We propose a way of thinking that acknowledges that:

  • Collecting data through measurement is useful, as it allows us to better understand problems we face and our progress
  • The problems we face are complex in nature, however, so holding people accountable to metrics beyond their control is not helpful
  • Measurement should not be used for top-down control, but rather to learn about complex problems and the people experiencing them, so we can adapt and improve our approach

We argue that because the world is in fact complex, we need better measurement to better understand it, to navigate it, and to develop new forms of accountability that move beyond top-down reporting of metrics. Importantly, if the purpose behind why you are measuring is to control – as it can be in many public services – rather than to learn, then it will have adverse effects.
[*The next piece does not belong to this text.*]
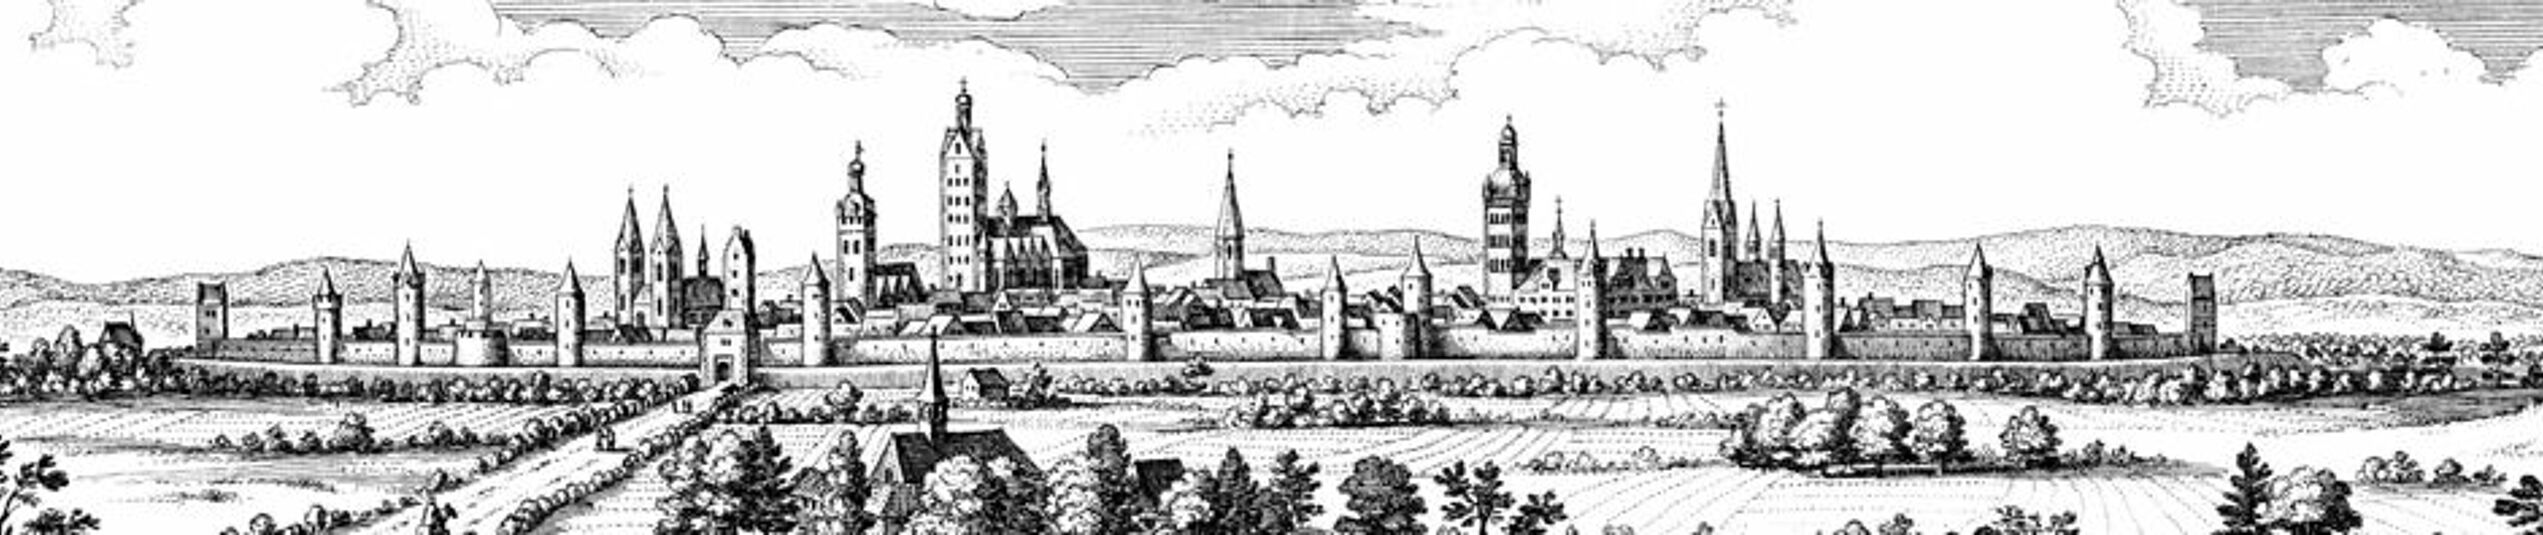 Kupferstich der Stadtansicht Paderborns von Matthäus Merian. Veröffentlicht in "Topographia Germaniae" Band "Topographia Westphaliae" von 1647.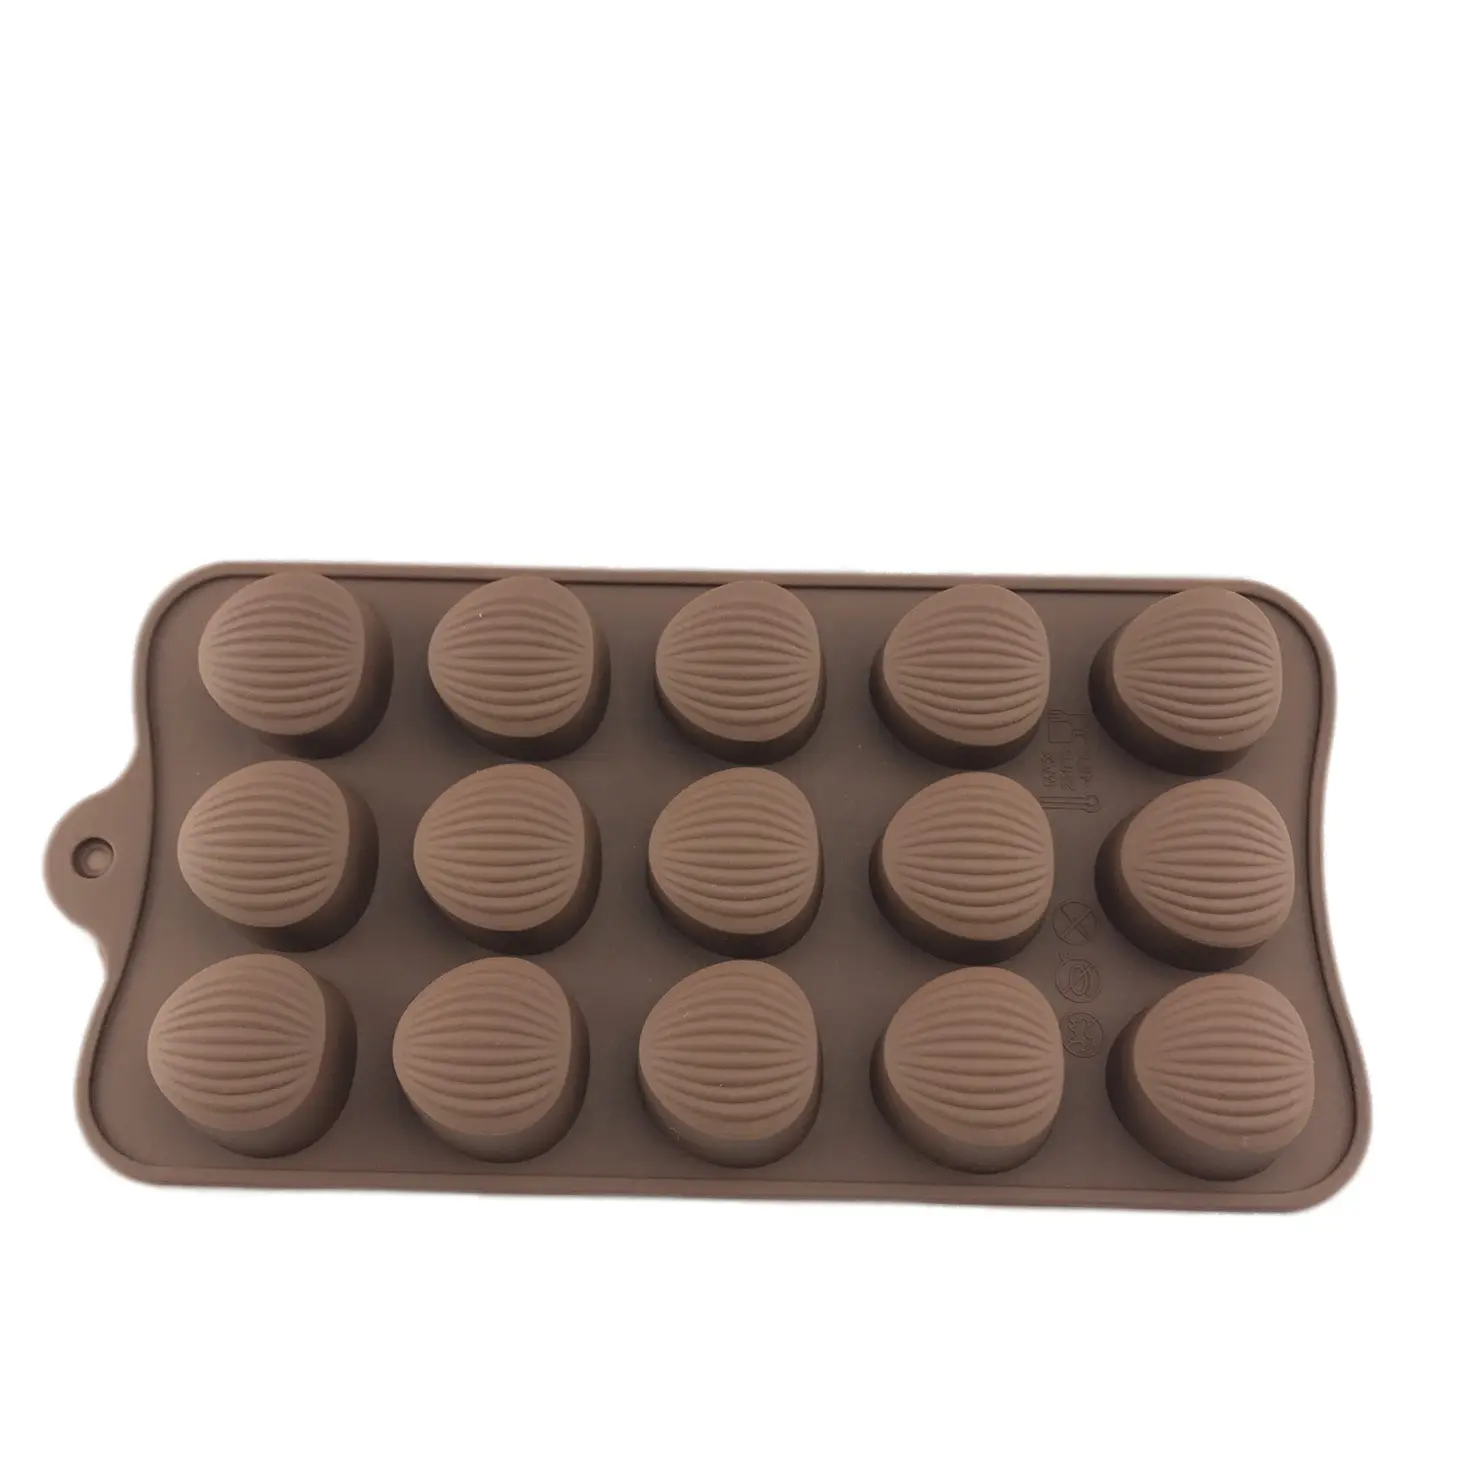 377 आकार के चॉकलेट कैंडी मोल्ड्स फोंडेंट मेकिंग पैन खाद्य-ग्रेड शैल सिलिकॉन मोल्ड की आपूर्ति करता है

In order to enable workers’ practice to improve, our definition of measurement must be broadened beyond “narrow quantitative measures”. A cross-sectoral collaborative in the UK, including Collaborate, Dr Toby Lowe, and CPI, have developed a helpful approach to think about how to broaden this lens: Human Learning Systems, an alternative approach to public management centred on learning in complexity. Human Learning Systems calls for practices such as “experimentation, gathering data, sense-making, and reflective practice” to be included in how we think about measurement. Given the complexity of the environments government operates in, learning can no longer be viewed as “a luxury”, but instead as a core purpose for how public services improve.